For this exercise, print all of the data exactly as given.

**Information shown**
--------------------------------------------------
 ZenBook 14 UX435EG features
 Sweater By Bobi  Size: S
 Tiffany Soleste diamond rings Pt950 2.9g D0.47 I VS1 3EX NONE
--------------------------------------------------
**Answer space**
 ZenBook 14 UX435EG features
 Sweater By Bobi  Size: S
 Tiffany Soleste diamond rings Pt950 2.9g D0.47 I VS1 3EX NONE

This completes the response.